Saya cuma bilang, selain gaji lebih tinggi, kamu harus siap dengan kompleksitas istana. Namun, bekerja dalam pengabdian pada negara itu sangat mulia, jadi berangkat saja. Pesan saya cuma satu, jaga nama baik beliau. Karena ayahandanya berjuang sepanjang hayat untuk diri, keluarga maupun usahanya dengan menjaga nama baiknya. Nama baik barang paling mahal dalam hidup.
Setelah pertemuan kami, saya lebih banyak komunikasi via WA berisi pertanyaan dia tentang latar belakang seseorang hingga kemungkinan jebakan politik pada program yang akan mereka lakukan. Semangatnya luar biasa. Mereka sudah memikirkan negara di usia belia, sementara saya masih asyik urusan duniawi 😁
Beberapa hari lalu, saya mendapat forward-an WA berisi surat berkop Sekretariat Negara yang ditujukan pada para camat oleh seorang stafsus. Intinya dukungan atas perusahaan dia dalam menjalankan program sosialisasi Covid 19. Saya langsung bergumam,”offside ini Mas Stafsus.”
Benar saja isu menggelinding di media massa. Netijen pun dengan kejam mencibirnya. “Millenial rasa kolonial” dan bla..bla..bla..Dan dalam kasus si Mas Stafsus dengan kop surat ini, layak dia di-bully. Bahkan dia layak mundur. Karena dia telah melampaui batas. Apakah murni ada itikad jahat atau ‘terjebak’ permainan sekelilingnya, harus ditelusuri lagi.
Sorot tajam media dan netijen kemudian mengincar Mas Stafsus satu lagi yang merupakan pendiri platform pembelajaran digital besar. Namun menurut saya, kali ini media dan publik harus menggunakan obyektifitas dan tidak terburu menjatuhkan vonis. ‘Mas Stafsus Satu Lagi’ ini sudah menyatakan mundur, ini memang jalan menyenangkan semua pihak dan terlihat ‘politically correct’.
Tapi perlu dikaji lagi keterlibatan beliau dengan mencek kebenaran ucapannya bahwa perusahaan yang sekarang dikelola pendiri yang lain telah melewati prosedur tender, bukan penunjukan langsung dan ia pun tidak terlibat dalam proses itu. Jika benar semua berlangsung sesuai prosedur seperti pengakuan ‘Mas Stafsus Satu Lagi’, menurut saya, beliau tidak perlu mundur.

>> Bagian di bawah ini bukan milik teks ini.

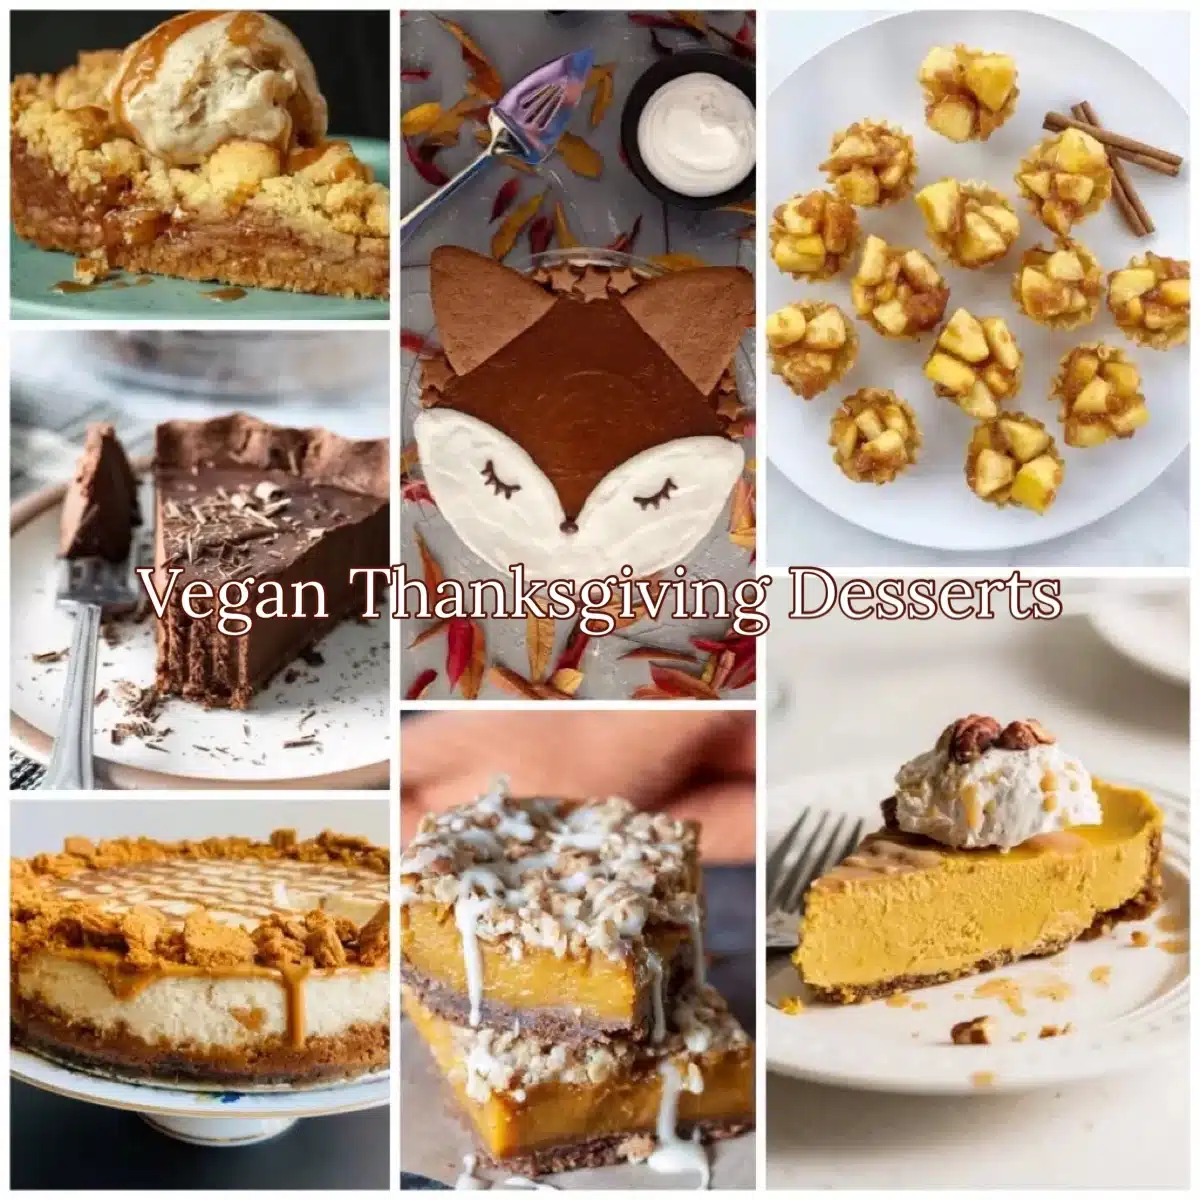 Vegan Thanksgiving Desserts Recipes

Kita sering mengeluhkan ruang politik dipenuhi oleh para oportunis dan petualang ‘pencari kerja’, politik dihindari oleh sebagian besar kaum muda millenial, hingga akhirnya sering kita saksikan produk politik tidak membawa mashlahat bahkan pelaku politik berakhir dalam jeruji karena penyelewengan. Mungkin ini maksud Presiden Jokowi menghadirkan figur-figur muda dalam lingkar kekuasaannya, sebagai kawan diskusi untuk memberi perspektif berbeda dengan sistem birokrasi dan para pembantunya yang produk lama.
Karena figur-figur millenial ini masih minim pengalaman, bahkan mungkin sebelum tidak pernah bersentuhan dengan birokrasi, seharusnya ada pendampingan yang baik.

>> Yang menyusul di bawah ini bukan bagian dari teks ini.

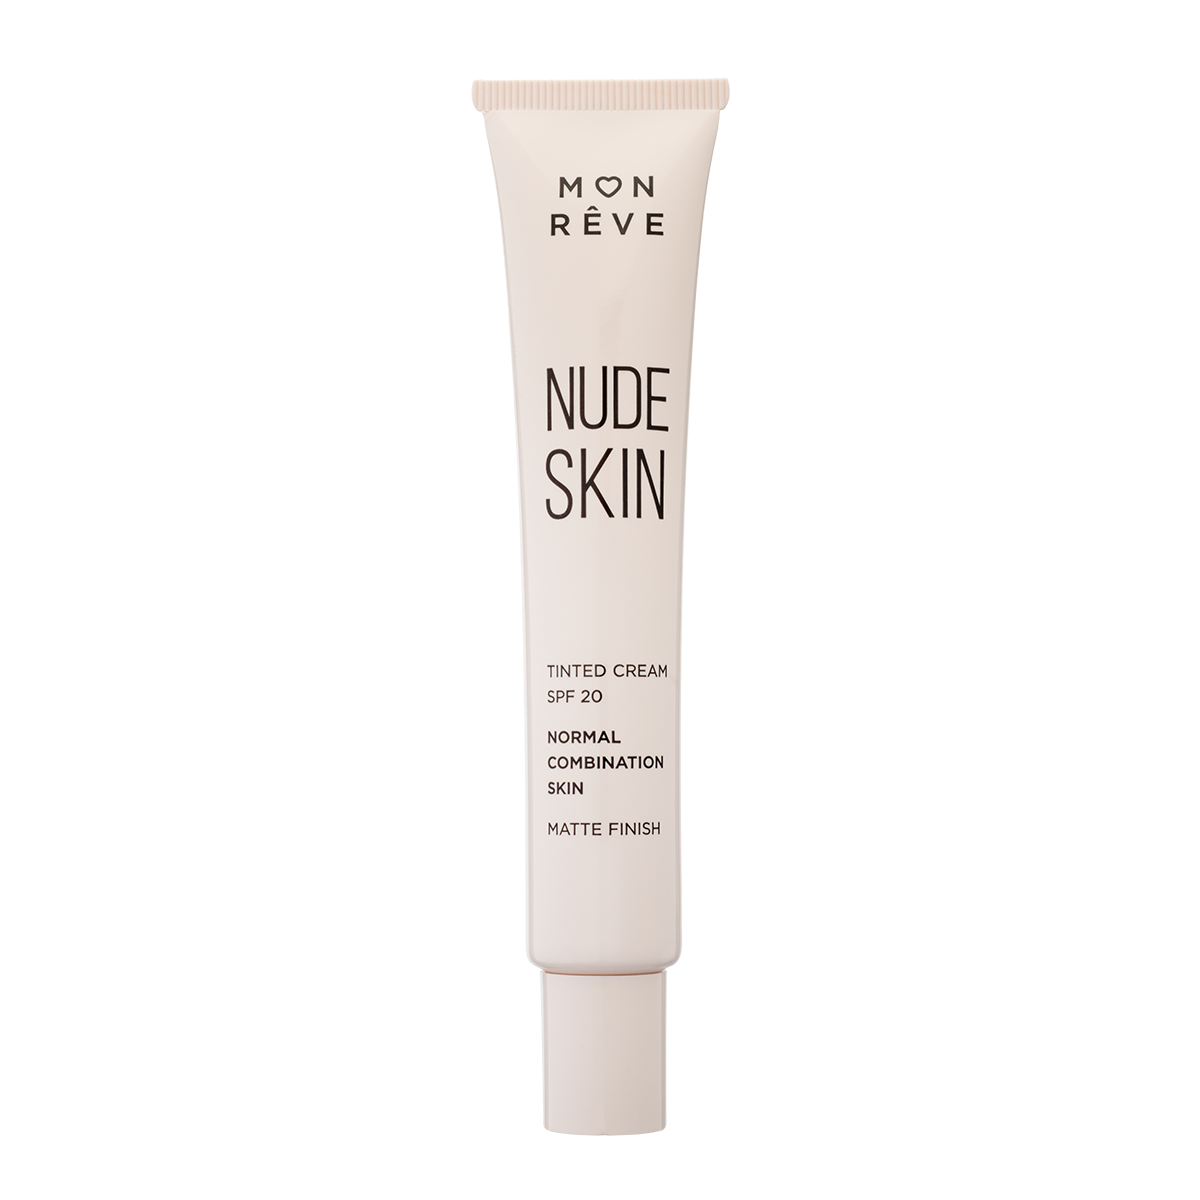 Mon Reve Nude Skin Combination-Normal Skin

Covid 19 membawa perubahan besar dalam berbagai aspek kehidupan. Sebagai krisis, segala tindakan harus cepat tapi juga akurat, tepat dan transparan. Sejak awal, saya termasuk golongan yang mempertanyakan isi Perppu no.1 Tahun 2020, terutama pasal 27 yang menyatakan perubahan anggaran Covid ini bukan termasuk kategori keuangan negara. Dengan kata lain, tidak bisa menjadi dasar penyidikan baik BPK maupun KPK, karena tidak ada potensi merugikan negara. Dan ini mengerikan untuk anggaran sebesar 405 Triliun yang dialokasikan untuk penanganan Covid 19.
Saya mencoba berbaik sangka dengan para perumus Perppu ini sebagai upaya mereka melindungi para pengambil kebijakan untuk dapat bertindak cepat tanpa takut urusan hukum. Tapi sebagai negara konstitusi, check and balance adalah prinsip mutlak dalam tatanan kita. Eksekutif tetap harus diawasi legislatif agar tidak terjadi penyalahgunaan kekuasaan. Untuk itu transparansi dan kepatuhan pada regulasi harus ada.
Ketika ada celah hukum seperti pasal 27 Perppu No.1 Tahun 2020 ini, kalau millenial berwatak kolonial saja bisa meraba ini sebagai peluang mendapat keuntungan dari bencana Covid 19 ini, apalagi kolonial beneran, bukan?